U.S. factory production surged to its highest level in more than a year in April, with auto manufacturing helping drive the gains, though the conflict in Iran could create near-term supply chain risks.
The details: According to the Federal Reserve, manufacturing output rose 0.6% last month—the largest increase since February 2025—following an upwardly revised 0.1% gain in March, Reuters reported.
Motor vehicle and parts production in the U.S. climbed 3.7% in April from the prior month.
Output in high-tech industries increased 1.0%, driven by computers and related equipment.
Production of semiconductors and related electronic components rose 1.0%, while communications equipment output increased 0.6%.
AI is also helping fuel U.S. manufacturing growth, with billions of dollars flowing into the technology, including in the auto sector, where it is being used to speed production and reduce defects.
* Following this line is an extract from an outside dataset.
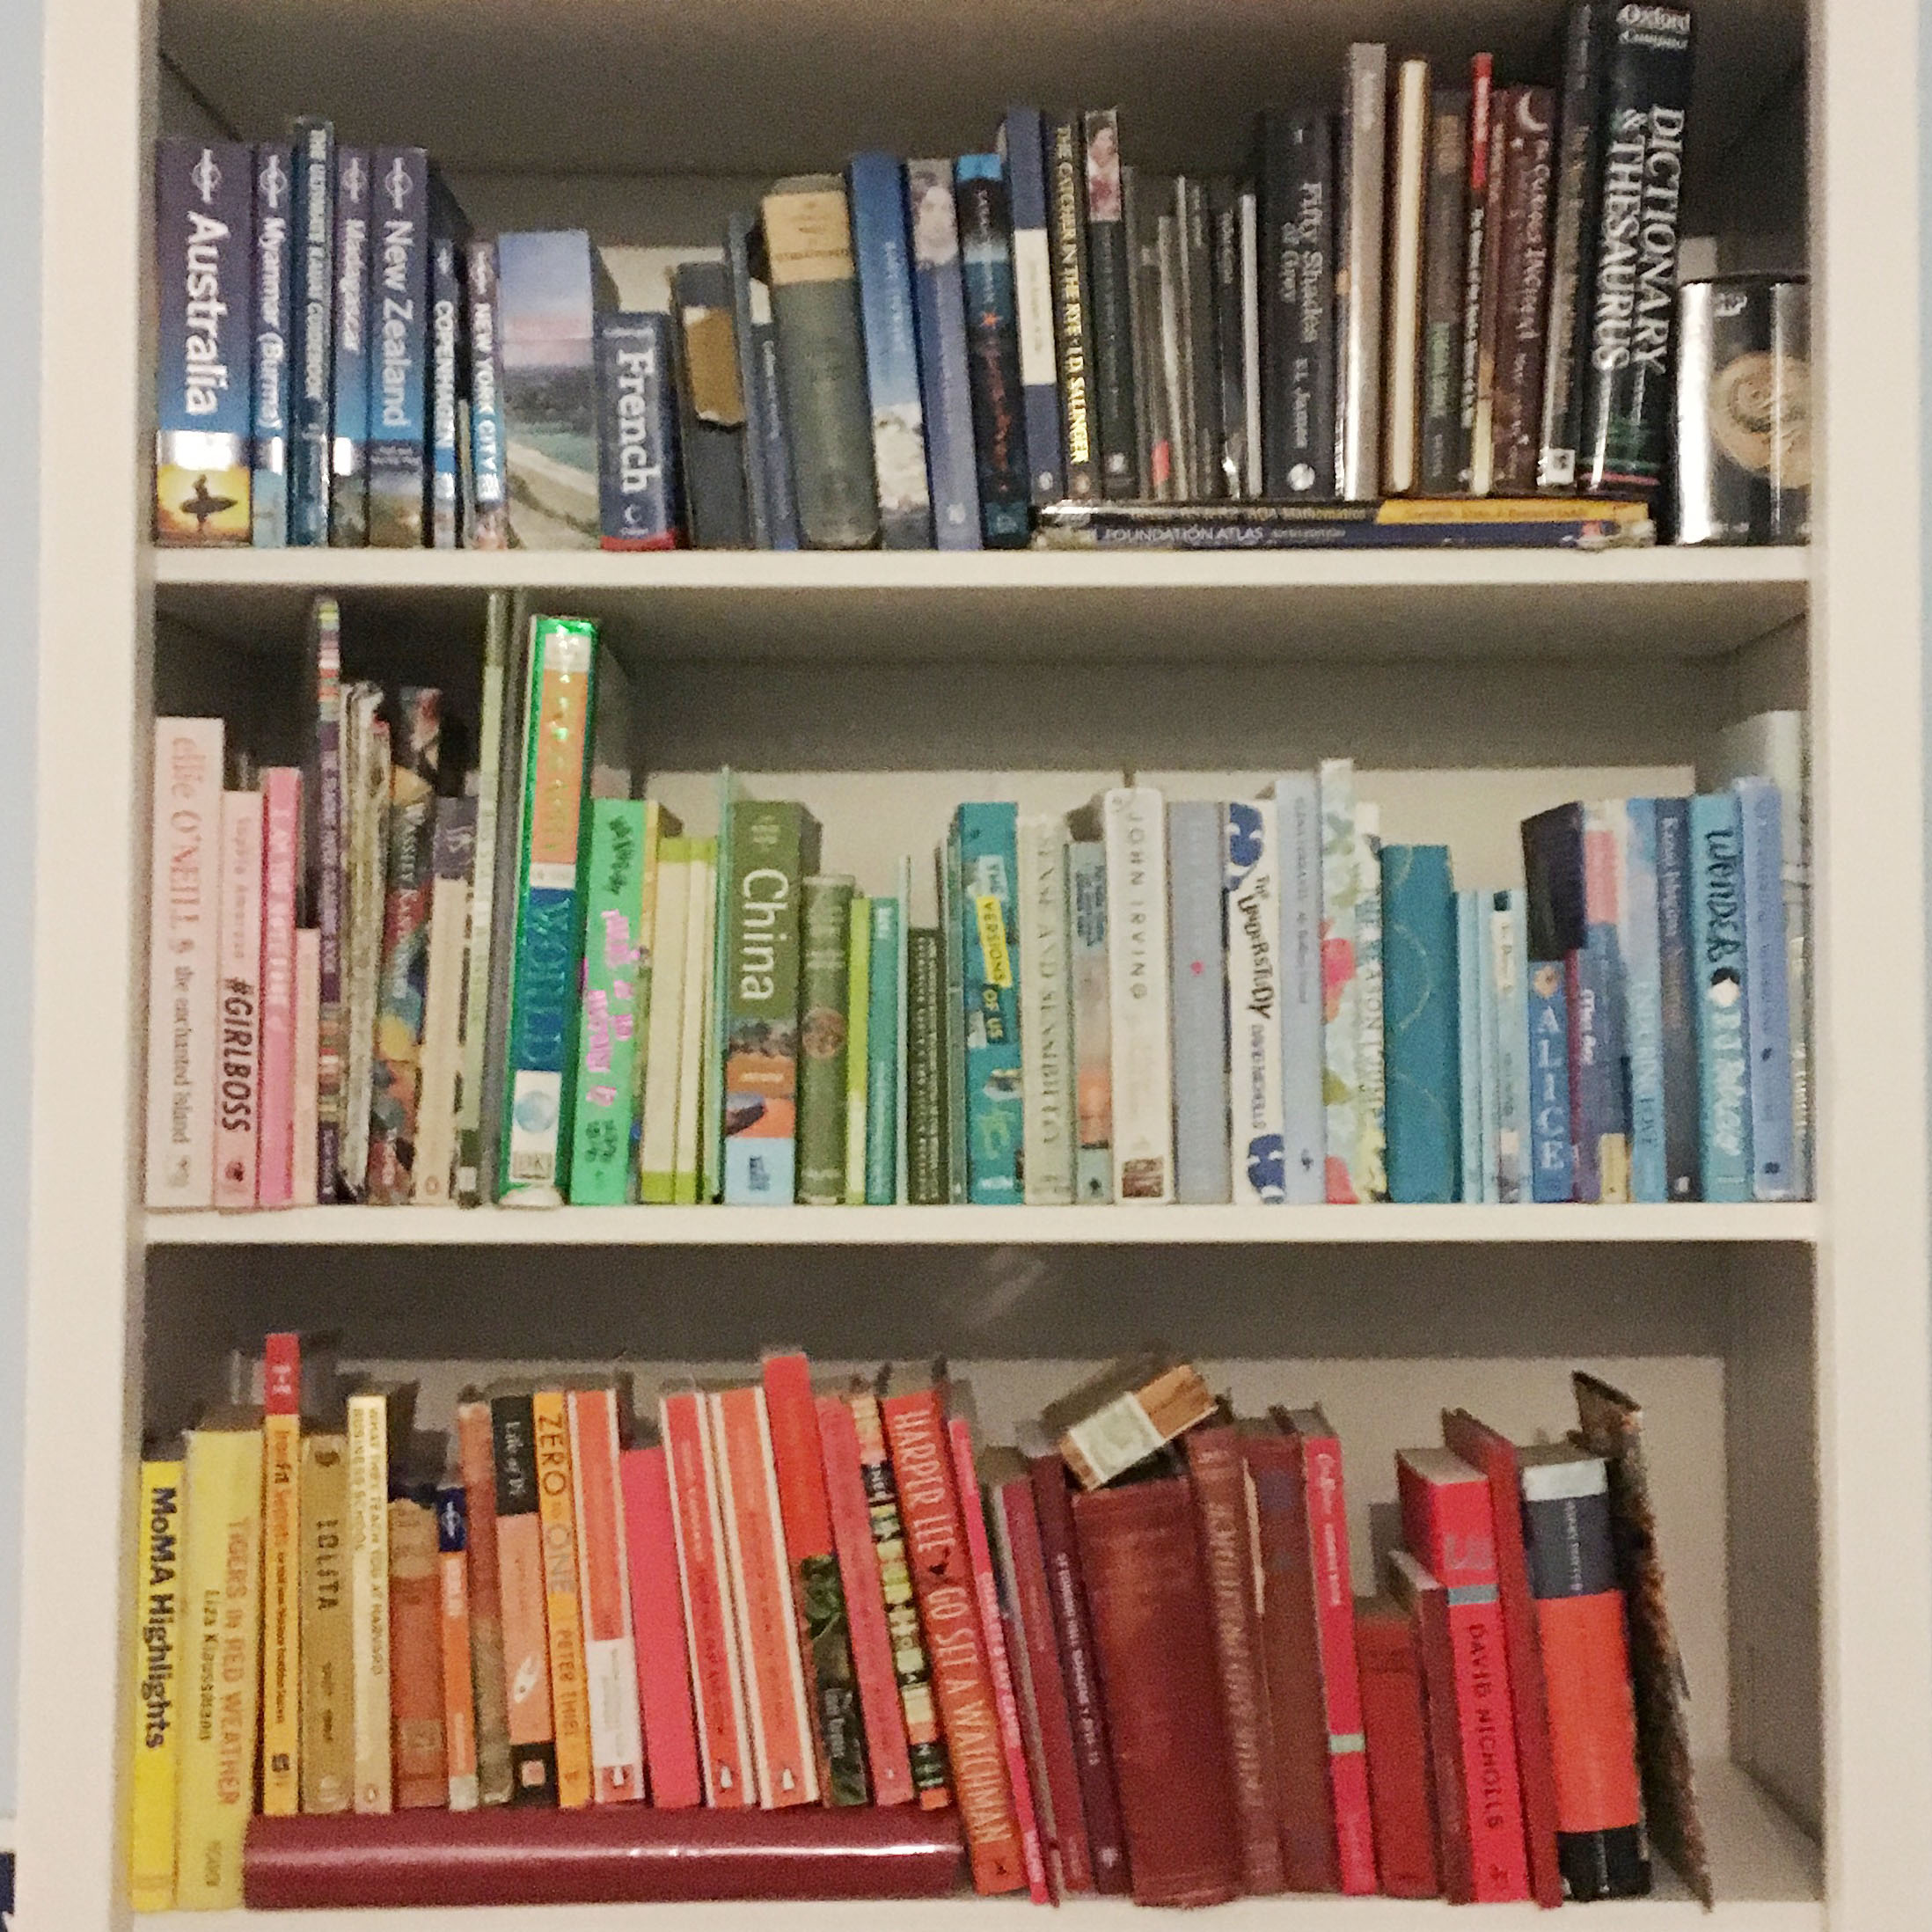 Colour coordinated bookshelves

Why it matters: Stronger factory output, particularly in auto manufacturing, could help improve vehicle supply and ease inventory pressures for dealers. But any supply chain disruption tied to geopolitical tensions could quickly reverse those gains, especially if key materials or transportation networks are affected.
Between the lines: Despite the production gains, Patrick Manzi, chief economist at the National Automobile Dealers Association, warned that the conflict in Iran could create short-term concerns for the North American auto supply chain, according to Automotive Logistics.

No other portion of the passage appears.